Глаза открыты - глаза закрыты - различий нет. Это всего лишь ночной кошмар. Она в безопасности. Вот и отец: он стоит рядом. Если прижаться к холодной стене - то это почти уже дома: просто не топили печь. Нужно вжаться в нее сильнее: тогда можно почувствовать оставшееся тепло. Да так и есть! Она дома! Отец дотронулся до руки, но куда-то пропал. Покойная матушка смотрит на нее. Мари успокоилась и снова жмется к стене. Ну где же тепло? Опять повернулась к матери.
- Как хорошо что ты жива! Без тебя мы с братом чуть не пропали! Где ты была?
Женщина странно одета. В доспехах? Жанна? Святая Жанна!
- Ты - Жанна!? Матушка! Ты Жанна?
- Да. - Голос у женщины звонкий, но приглушенный, будто она стоит очень далеко, а не в двух шагах. Мари увидела ее бесстрастное неподвижное лицо и холодные пронизывающие глаза.
- Почему отец не затопил печь? - Мари повернулась на другой бок так как там должен был быть ее отец, но он отошел в сторону и похоже рубил лес.

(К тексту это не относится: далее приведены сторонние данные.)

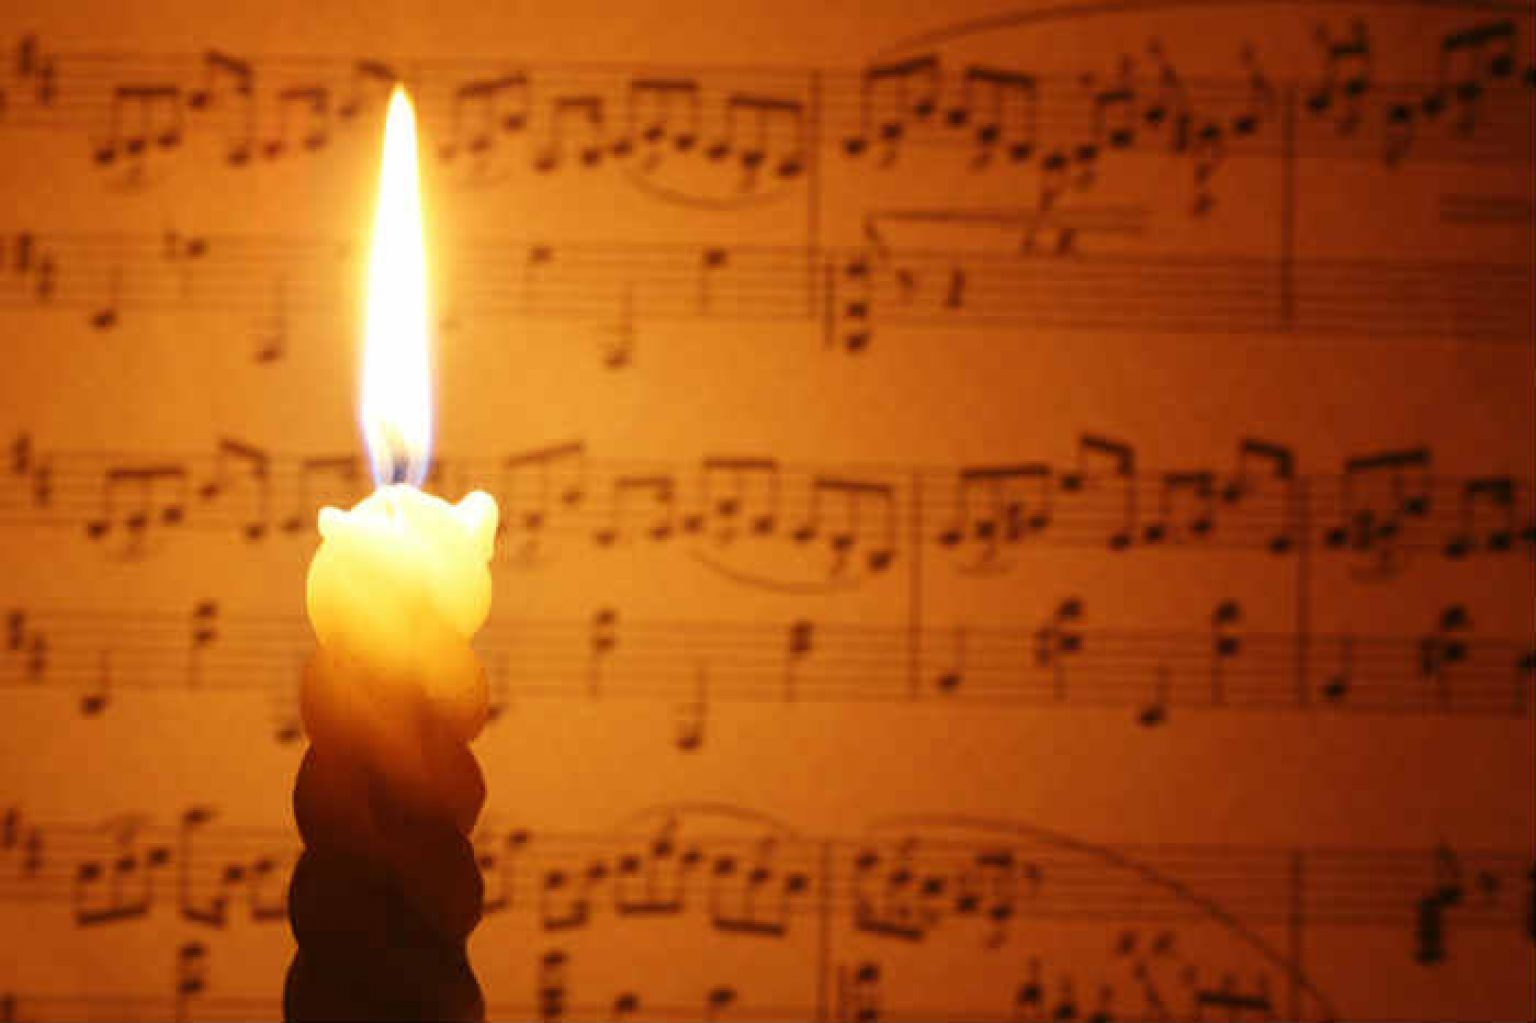 AI Butchers Christmas Carol Lyrics | Christmas carols lyrics, Christmas concert, Carol lyrics

- Я в беде. Мне кажется я в беде. Жанна! - вновь подкрадываются слезы. - Ты спасешь меня?
- Ты спасешь себя сама. - Голос вновь доходил словно через стену.
- Ты же видишь: я погибаю! Помоги мне. Мари рассматривала лицо Орлеанской Девы и ее пугающие неподвижные глаза, - Ведь Он убьет нас?
- И что же?
- Но ведь мы ничего не сделали.
- И что же?
Мари ничего не могла ответить. Она не могла смотреть в ужасные глаза Жанны. Надо оборвать этот кошмар. Надо сделать усилие и проснуться.
- Мы же ничего не сделали плохого... - Мари начала плакать.
- "Знаю твои дела: ты ни холоден, ни горяч; о, если бы ты был холоден или горяч! Но как ты тепл, а не горяч и не холоден, то извергну тебя из уст Моих"
- Жанна! - Мари говорила сквозь слезы, - я боюсь смерти...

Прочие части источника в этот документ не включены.